Am I missing something, or are mutable non-reference arguments not supported in Rust?
To give an example, I was playing with Rust and tried to implement Euclid's algorithm generic for all numeric types, and ideally I just wanted to pass arguments by value and have them mutable, but adding keyword mut
to the argument type is rejected by compiler. So I have to declare a mutable copy of the argument as the function prologue. Is this idiomatic/efficent?
use std::ops::Rem;
extern crate num;
use self::num::Zero;
pub fn gcd<T: Copy + Zero + PartialOrd + Rem<Output=T>>(a : T, b : T) -> T
{
let mut aa = a;
let mut bb = b;
while bb > T::zero() {
let t = bb;
bb = aa % bb;
aa = t;
}
aa
}
It's certainly possible to say that an argument will be mutable:
use num::Zero; // 0.4.0
use std::ops::Rem;
pub fn gcd<T>(mut a: T, mut b: T) -> T
where
T: Copy + Zero + PartialOrd + Rem<Output = T>,
{
while b > T::zero() {
let t = b;
b = a % b;
a = t;
}
a
}
Is [declaring a mutable copy of the argument] idiomatic/efficient?

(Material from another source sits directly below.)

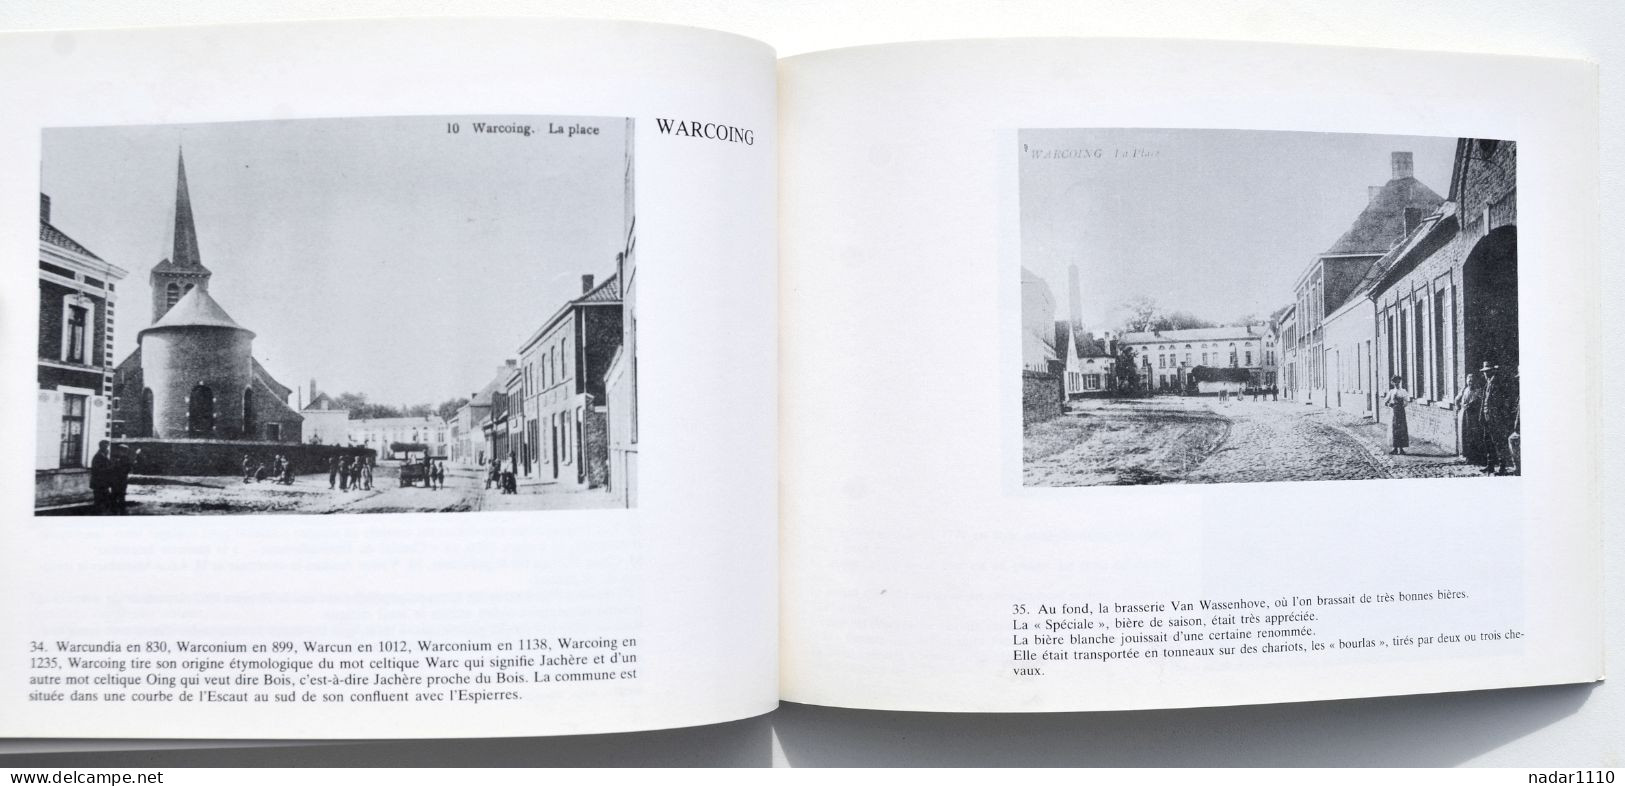 L'entité de Pecq en cartes postales anciennes - Warcoing, Hérinnes, Obigies, Esquelmes.
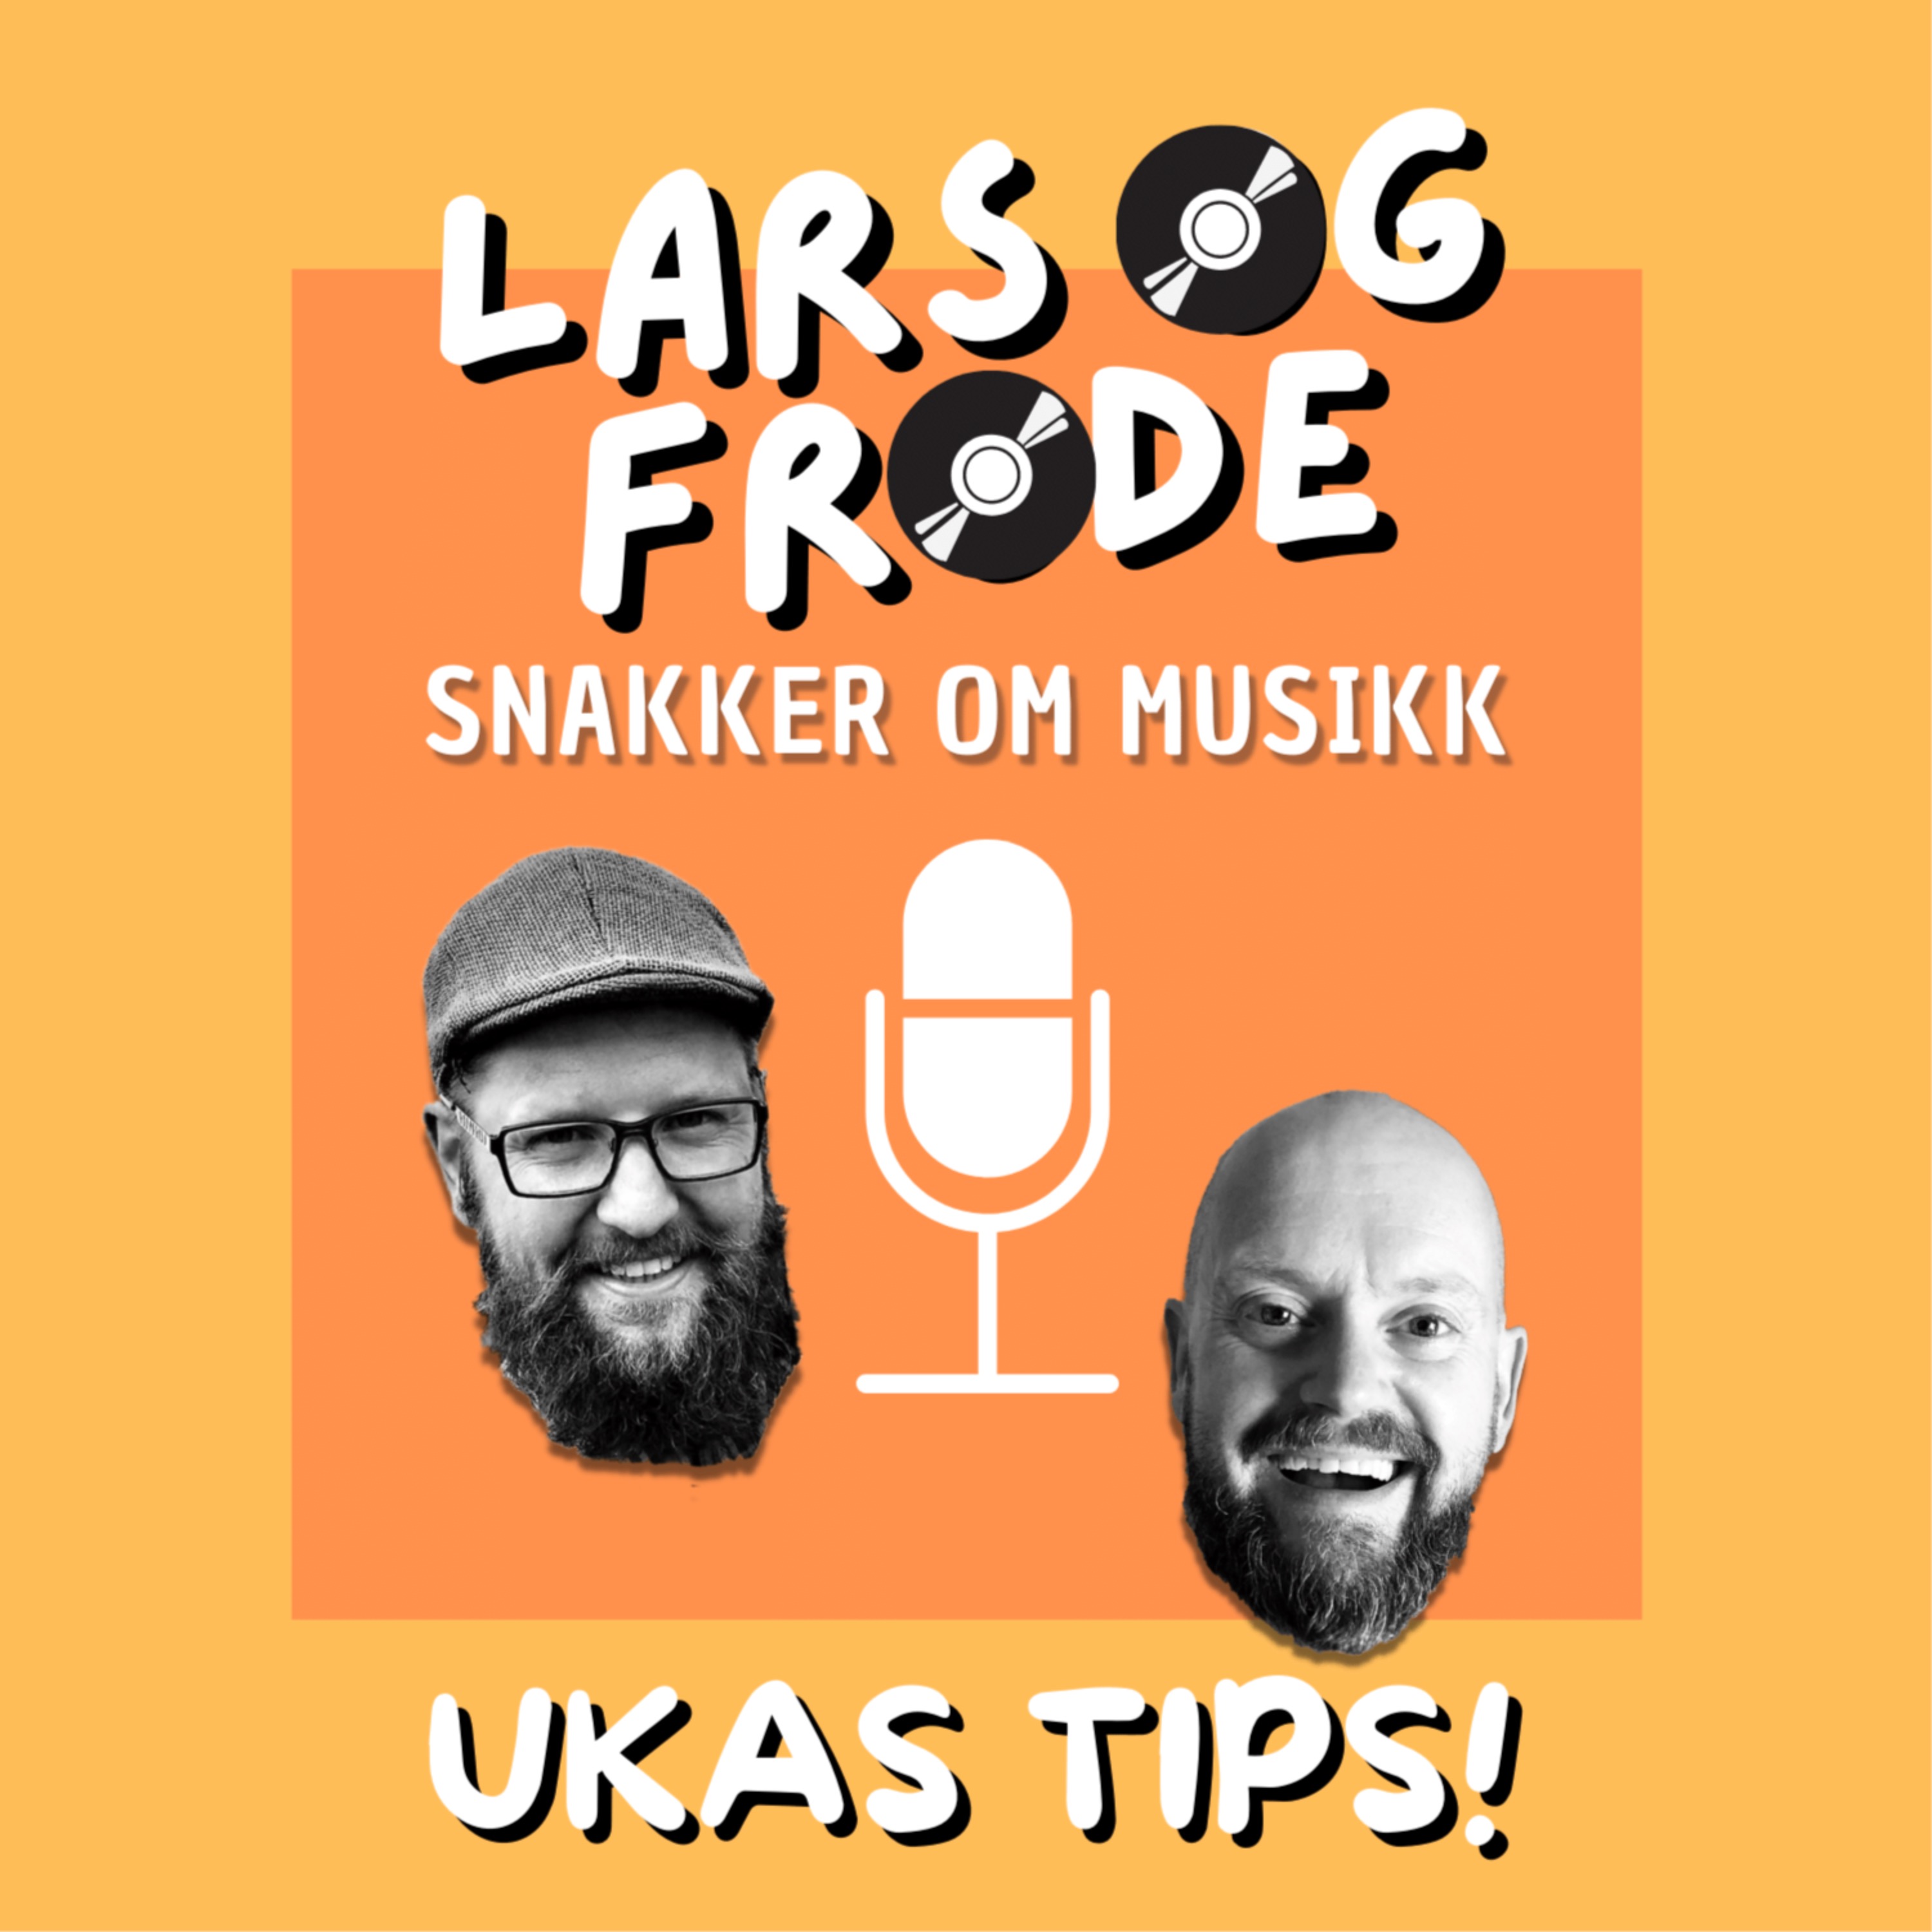 Ukas tips: Mørk og rocka svenskpop

It should be fine from an efficiency perspective. The optimizer will see that they are the same and not do any extraneous copying.
As for idiomatic, I'm not so sure. I originally started by not putting mut
in my function argument list as I felt that it was oversharing details about the implementation. Nowadays, I go ahead and put it in there.